If you are paying independent contractors with crypto, how do you report it? As with other payments to independent contractors, payers engaged in a business must issue IRS Forms 1099. You can't enter "1,000 Bitcoin" on IRS Forms 1099.

Instead, you must value the payment in dollars, as of the time of payment. In short, a payment made using virtual currency is subject to Form 1099 reporting just like any other payment made in property. What's more, the person paying the independent contractor with crypto just sold it. Whether that triggers a gain or loss depends on the payor's tax basis. The gain might be capital or ordinary. If you hold it for more than a year, the best deal is long-term capital gain treatment.

But actually, gain or loss depends on whether the virtual currency is a capital asset in your hands. Most people can probably say they are investors in crypto, not a dealer or someone using it in their trade or business. But it is worth considering. Ordinary income vs. long-term capital gain treatment can spell a big difference. You might have to pay only 15 percent (to the IRS) on long-term capital gain. But top long-term capital gain rates are 20 percent, plus the possibility of the 3.8 percent net investment income tax under Obamacare.

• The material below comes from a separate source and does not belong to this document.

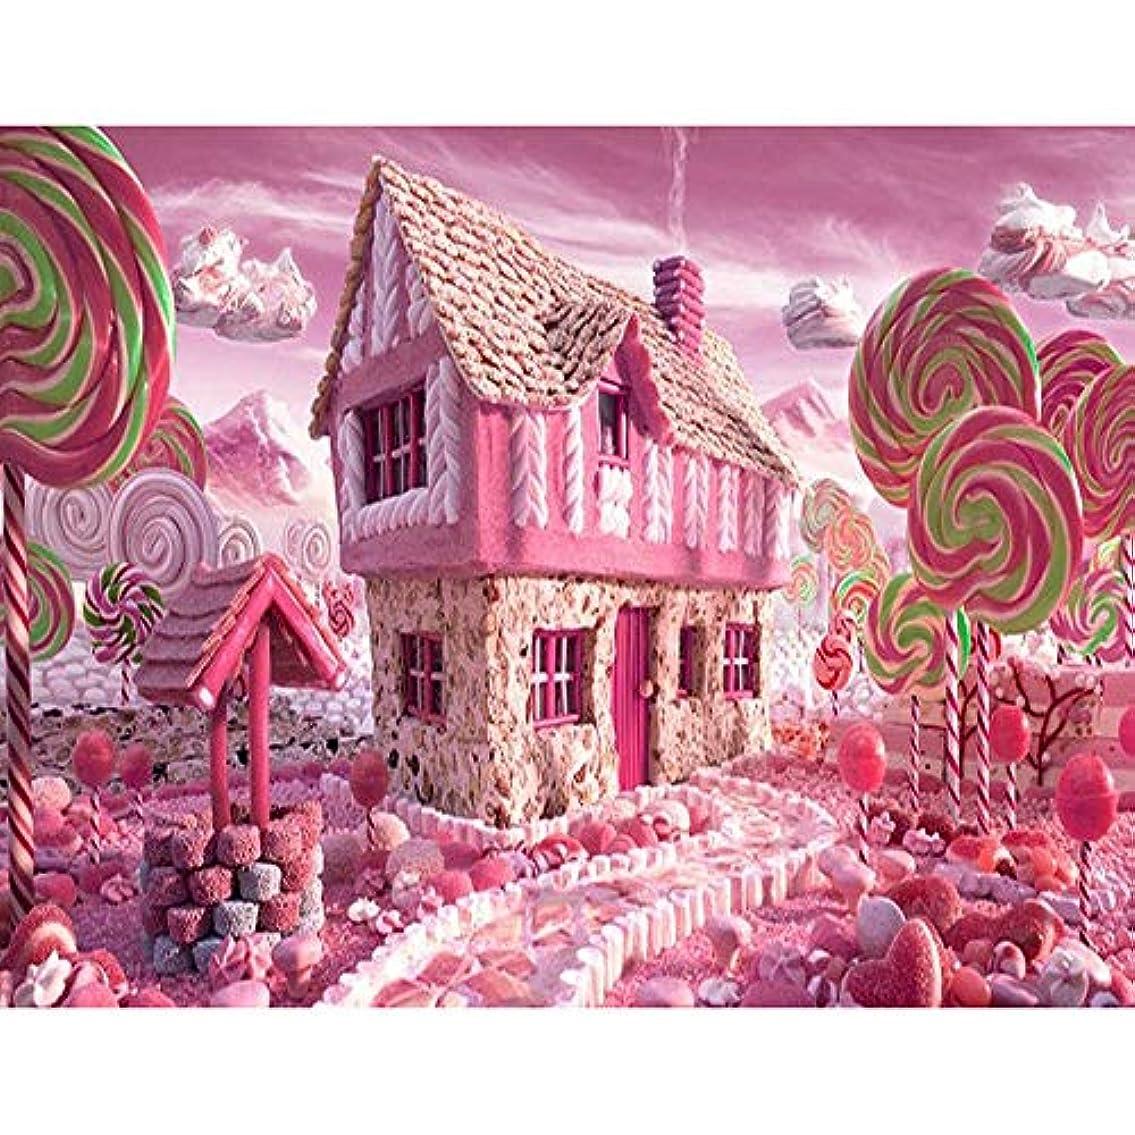 コロニアルクリップ蝶ホストZDDYX デジタル番号付き顔料塗装 ピンクの町絵画未完成の家の装飾ギフト
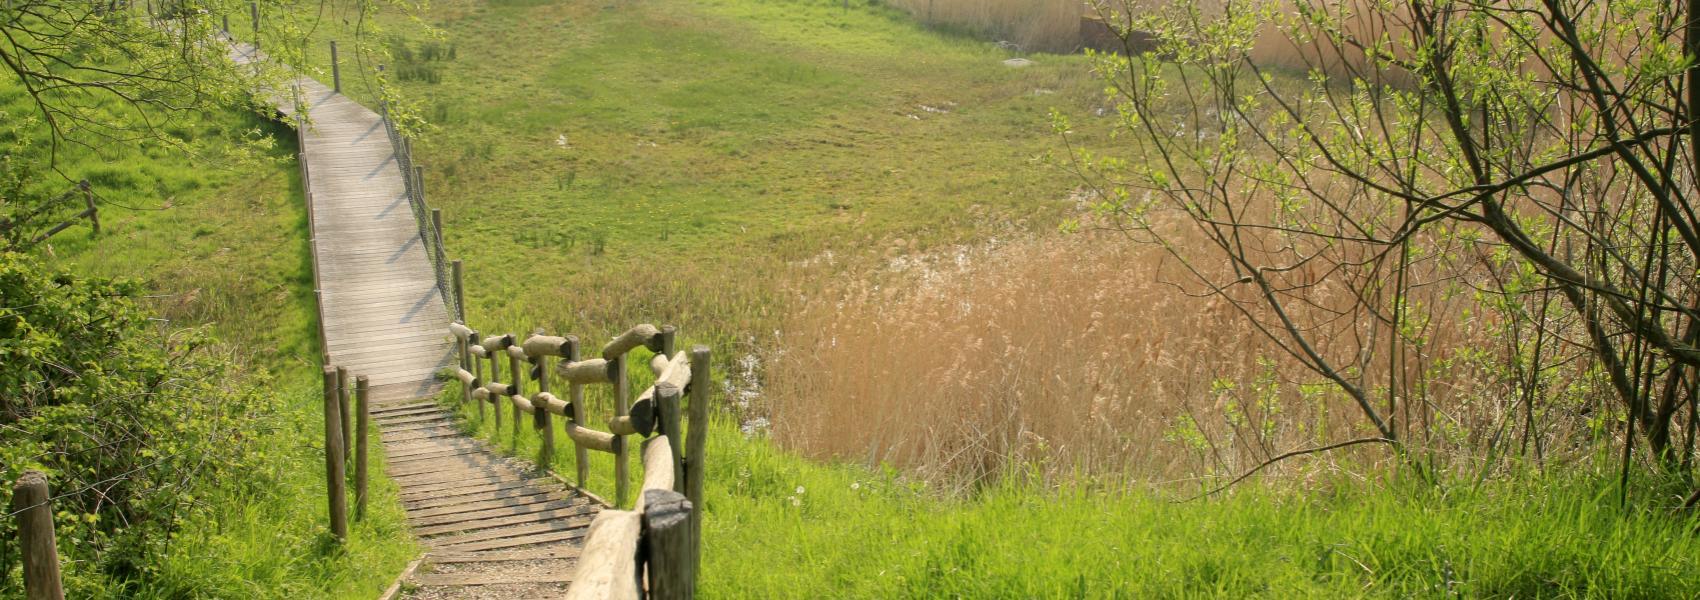 knuppelpad in het landschap

Remember, every time you transfer crypto, you might trigger gain or loss. Tax basis and holding period are important, as is record keeping. If you receive virtual currency as payment, you must you include its fair market value in income. Report the fair market value in U.S. dollars on the date you receive it. If you "mine" virtual currency, you have income from mining, and the fair market value of what you produced is income. Happy planning.